Luc Douay, professore dell'Università di Parigi, ha condotto un esperimento che apre la strada alle trasfusioni di sangue artificiale
Ogni giorno, la medicina ci stupisce con piccoli miracoli che rappresentano le tappe essenziali per un traguardo ambizioso. Un esperimento di marca francese, portato a termine dall’equipe di Luc Douay della Université Pierre et Marie Curie di Parigi e pubblicato dalla rivista scientifica “Blood”, apre la strada alle trasfusioni di sangue artificiale.
Il sangue umano viene prodotto all’interno delle ossa lunghe, a partire da cellule staminali pluripotenti (CD34+ HSC) in grado, attraverso tappe successive, regolate da fattori di crescita, di trasformarsi in eritrociti (globuli rossi), deputati a rifornire l’intero organismo dell’ossigeno necessario per i processi metabolici.
Seguendo i modelli biologici, i ricercatori francesi hanno prelevato cellule CD34+ HSC dal midollo osseo di un volontario, le hanno messe in coltura, stimolate a crescere, a differenziarsi ed, infine, trasfuse nello stesso donatore. Questi globuli rossi “artificiali” sono risultati perfettamente funzionanti in termini di contenuti in enzimi, di idoneità della loro emoglobina a fissare l’ossigeno, di validità di espressione dei vari gruppi sanguigni, di capacità di sopravvivenza.
Lo testimonia il fatto che, dopo 5 giorni, il 94% degli eritrociti erano presenti in circolo e, dopo 26 giorni, ne persisteva ancora un numero compreso tra il 41 e il 63%, seguendo una curva di decrescita paragonabile a quella fisiologica.
Analoghi tentativi erano stati condotti, nel 2008, dal team di Robert Lanza della Advanced Cell Technology (Usa), partendo da cellule embrionali e da cellule staminali della cute senza però testarne l’efficacia in vivo. La limitazione dell’esperimento sta nella quantità di sangue ottenuto, pari a 2 ml, a fronte di una quota minima necessaria di circa 200 volte superiore, corrispondente a una coltura cellulare di 400 litri.
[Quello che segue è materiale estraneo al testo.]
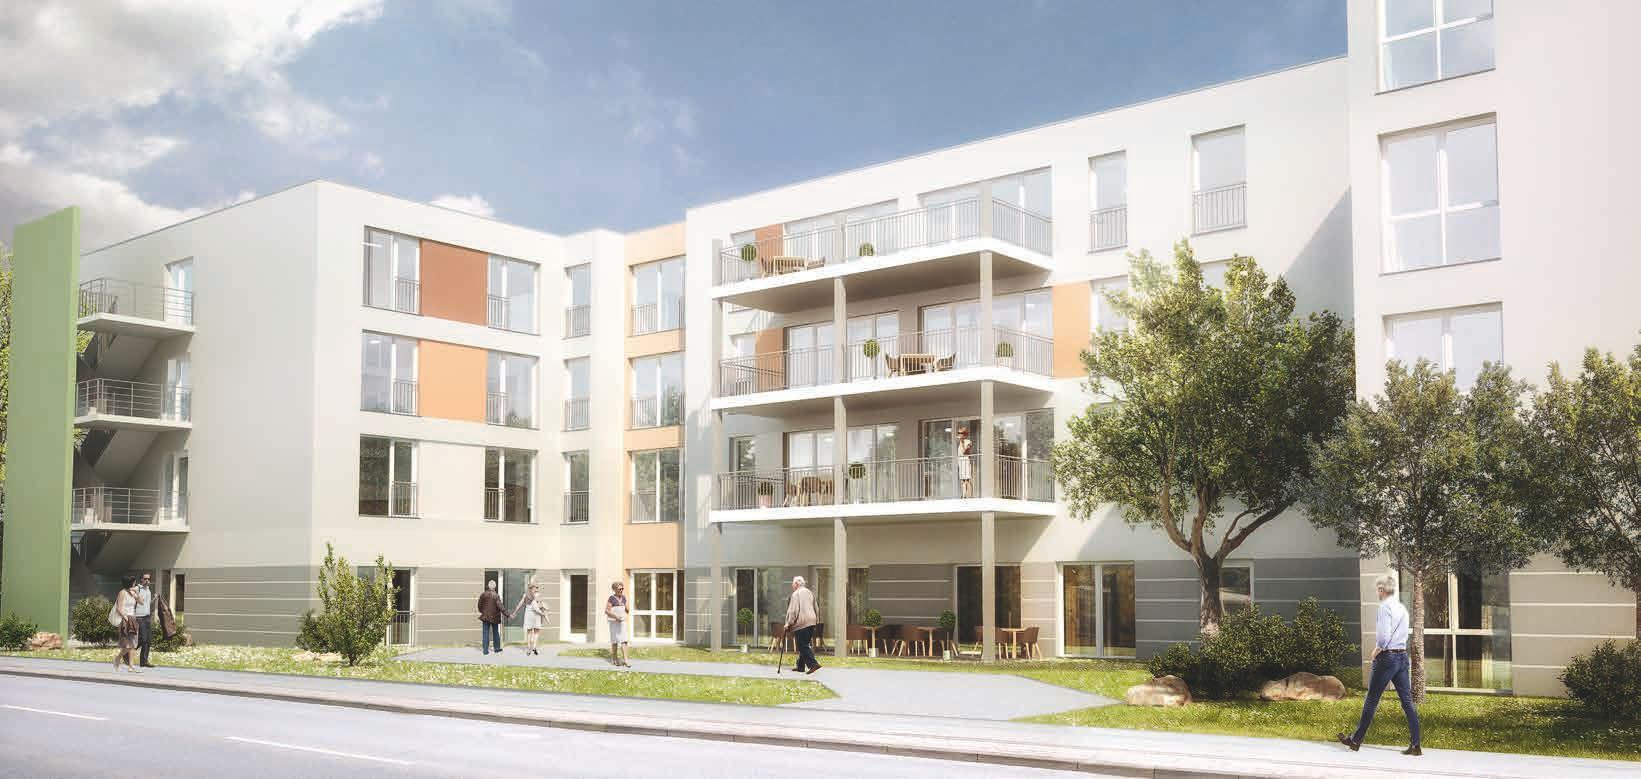 Pflegeimmobilie Seniorenpark Sandkrug Hatten-Oldenburg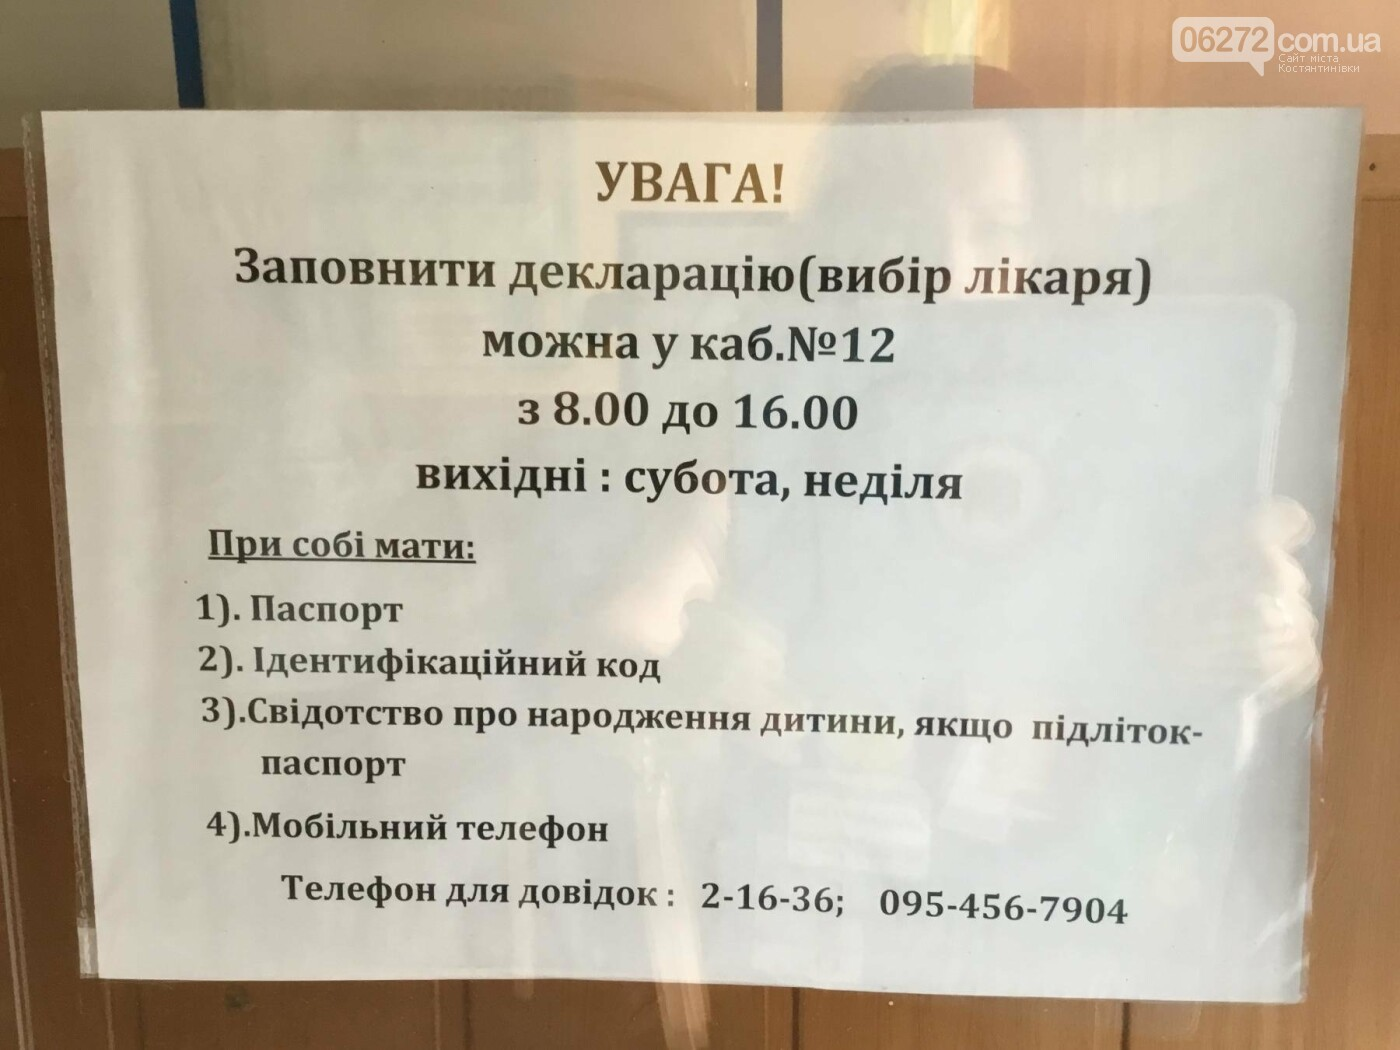 Рейтинг лікарів в Костянтинівській амбулаторії № 5, фото-2

I vantaggi di una simile tecnica, che si pensa possa essere ottimizzata nell’arco di 10 anni, risulta però evidente: un “autotrasfusione” eliminerebbe rischi di contagio da sangue infetto e, in generale, ci sarebbe più facilità a reperire gruppi sanguigni rari, più efficienza nel superare le incompatibilità che si creano in caso di politrasfusioni come quelle occorrenti in patologie quali talassemia o emofilia e, non ultima, una risorsa inesauribile di sangue di gruppo “zero negativo”, il così detto “donatore universale“, colmando, in modo definitivo, quello che è il divario attuale tra la domanda e l’offerta di questo prezioso elemento.
Resta il problema che, dopo catastrofi naturali o in luoghi remoti, sia difficile ricorrere a sangue fresco il quale necessita di particolari cautele per il trasporto. E’ una ricerca di cui si occupa Chris Cooper della University of Essex a Colchester, Regno Unito, tesa ad elaborare sostituti artificiali e, in particolare, alla creazione di una emoglobina meno tossica di quella esistente in formula chimicamente alterata: un’ altra sfida scritta nel futuro.